Based on these issues, the project was placed on the back burner for future development. A smaller (but equally interesting) set of mid-19 th century letters, which had been housed in Special Collections for many years, was digitized instead. This proved to be more manageable, and as the first collection functioned as a sort of test run, it was much easier to go back and correct mistakes later. Over the course of a year, a number of small collections have been digitized, including the images on glass lantern slides and historic photographs of local one-room schoolhouses. Had the year been devoted to the anthropology collection instead, it would likely still be incomplete as of this writing. It would be nice to launch our digital library with the exhaustive archive of a prestigious scientist, but going that route would have prolonged our timetable considerably and created unnecessary frustration. Starting out with smaller, established collections, rather than ambitious and unwieldy ones, is a good way for a solo digital librarian to build confidence and see tangible pro gress in a shorter amount of time.
Lesson 5: Learn to Juggle, and Establish a Backlog
In planning your digital collections, it can be a good idea to avoid proceeding in a completely linear fashion. Juggling multiple projects at once may seem like a less organized way to go, but this approach has its benefits. The iterative nature of digital project management, particularly if it is an unfamiliar undertaking, means that decisions made in the process of completing one project will often influence the development of other projects. Of course you will want to begin with a set of standards to adhere to, but fine-tuning a metadata schema or file specification along the way is to some degree unavoidable. Changes made and lessons learned while processing one collection may cause you to rethink how to approach another, so completing them one at a time can lessen your chances of encountering the full range of issues. This can mean going back and correcting entire collections in retrospect. Having your hand in multiple projects at once may make it easier to identify problems and change course midstream if necessary.
By the same token, you never know when unforeseen challenges will throw you off your plan, in which case you will need something to fall back on. In my case, a mold outbreak caused our Special Collections department to close for an entire semester, cutting off access to new materials for digitization. Luckily, I had just started scanning from the now-defunct Central Wesleyan College, a German Methodist teachers college and theological seminary, a sizeable archive of monographs that included yearbooks and course catalogues spanning more than 50 years. In this situation, having a large collection saved me, as it created a backlog of scanning to carry my student worker through until Special Collections re-opened. This scenario was admittedly a freak occurrence, but it demonstrates that having a surfeit of materials selected and waiting to be digitized is not necessarily a bad thing.
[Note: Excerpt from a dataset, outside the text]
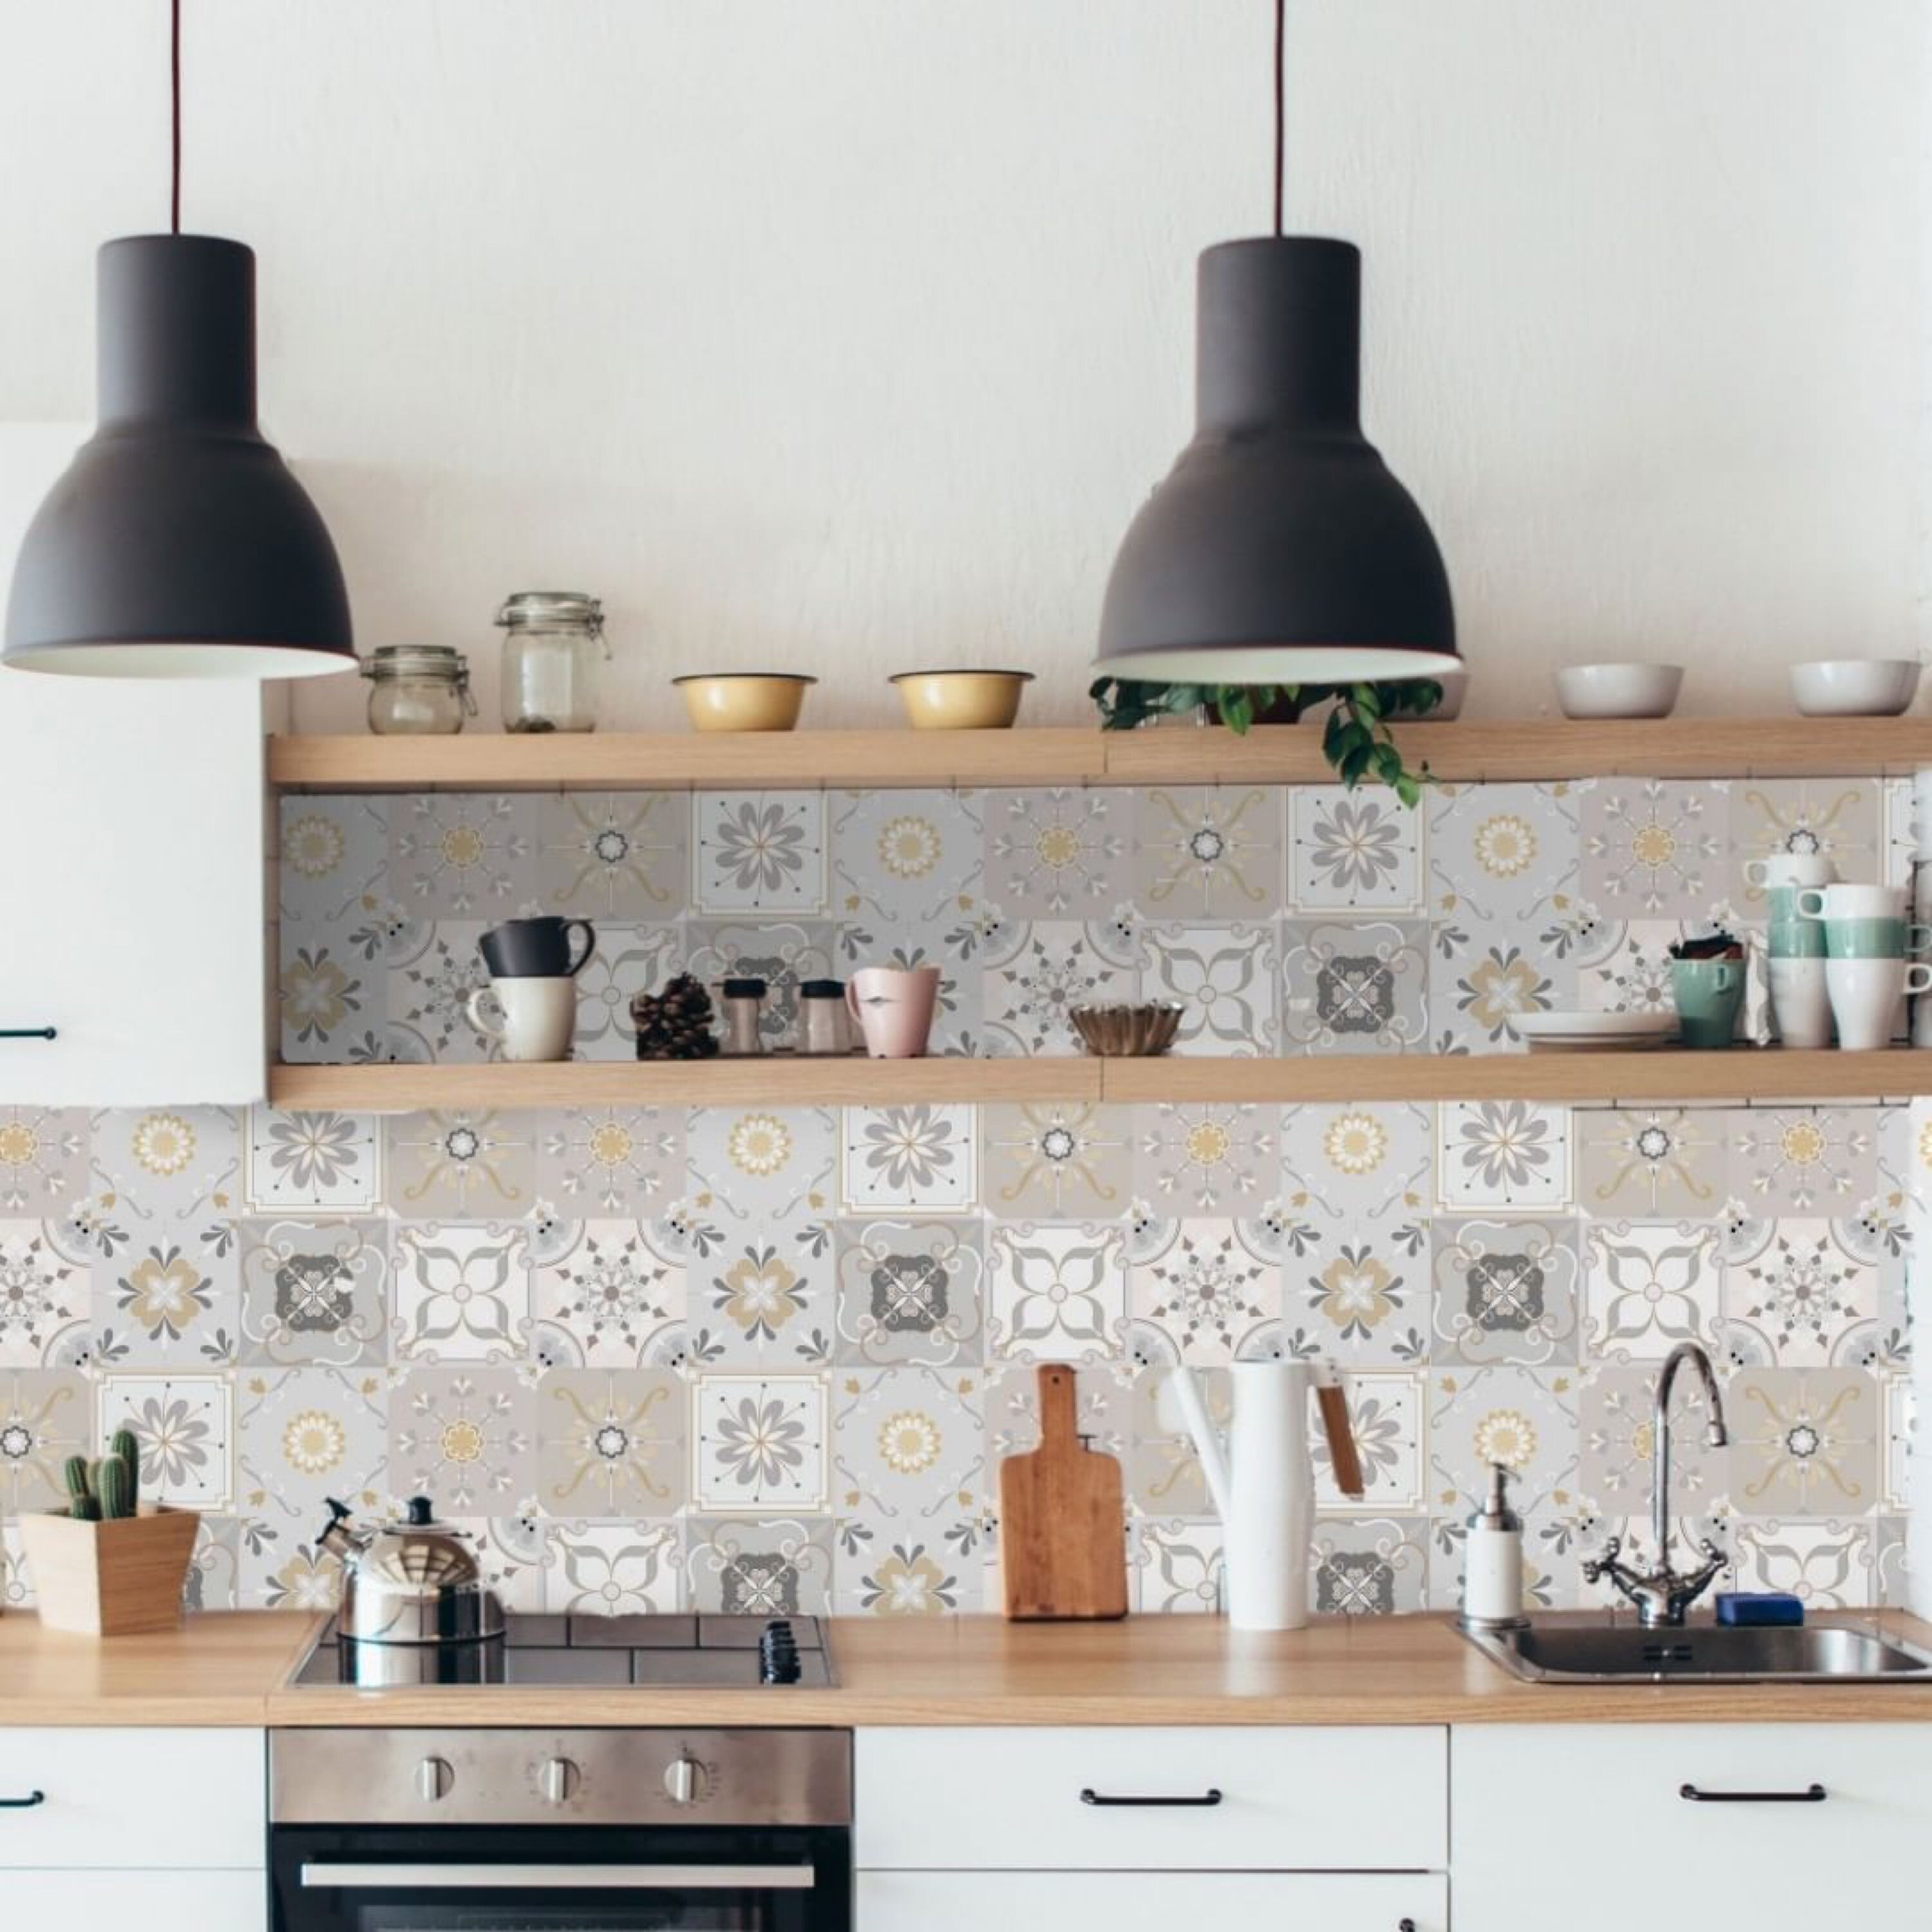 6 X Words For Bathroom Tile Stickers Decals Kitchen Wall Vinyl Waterproof Tiles

Lesson 6: Get Creative About Collaboration
At the same time, the sheer amount of material to be dealt with can be overwhelming. This is compounded by any aspects that are out of the ordinary or beyond the expertise of you or your colleagues. For example, the college yearbooks and catalogues mentioned previously contained hundreds of pages of German text interspersed with English. Not only that, but much of the German was in Fraktur script, which can be difficult for even German speakers to read. The scanned page images for this collection were to be accompanied online by OCR-generated full-text transcriptions, but this proved to be a challenge: Neither the OCR software nor the student workers were able to transcribe the German text. This left the option of providing transcripts only for the English portion of the texts, which seemed a shame, because the collection appealed to researchers in large part due to its bilingual nature, and I wanted to avoid privileging the English content over the German.
My supervisor possessed adequate knowledge of German to perform the translations himself, but as both department head and acting library co-director, he was far too busy to devote the necessary time to the task. However, he did come up with a creative solution to the problem. Using connections with faculty in the university’s German department, he proposed a scenario in which students taking advanced German classes would transcribe the text as a graded class assignment—an idea that was welcomed by the German faculty. If you work at an academic library, consulting faculty members can also be a valuable way to determine the scholarly significance of materials you are considering for digitization. In fact, whether you work at a library, historical society, museum, or other type of institution, developing partnerships with other local organizations can mean the difference between a successful project and one that doesn’t make it past the idea stage. Don’t hesitate to seek out help from those beyond the library world with useful skill sets.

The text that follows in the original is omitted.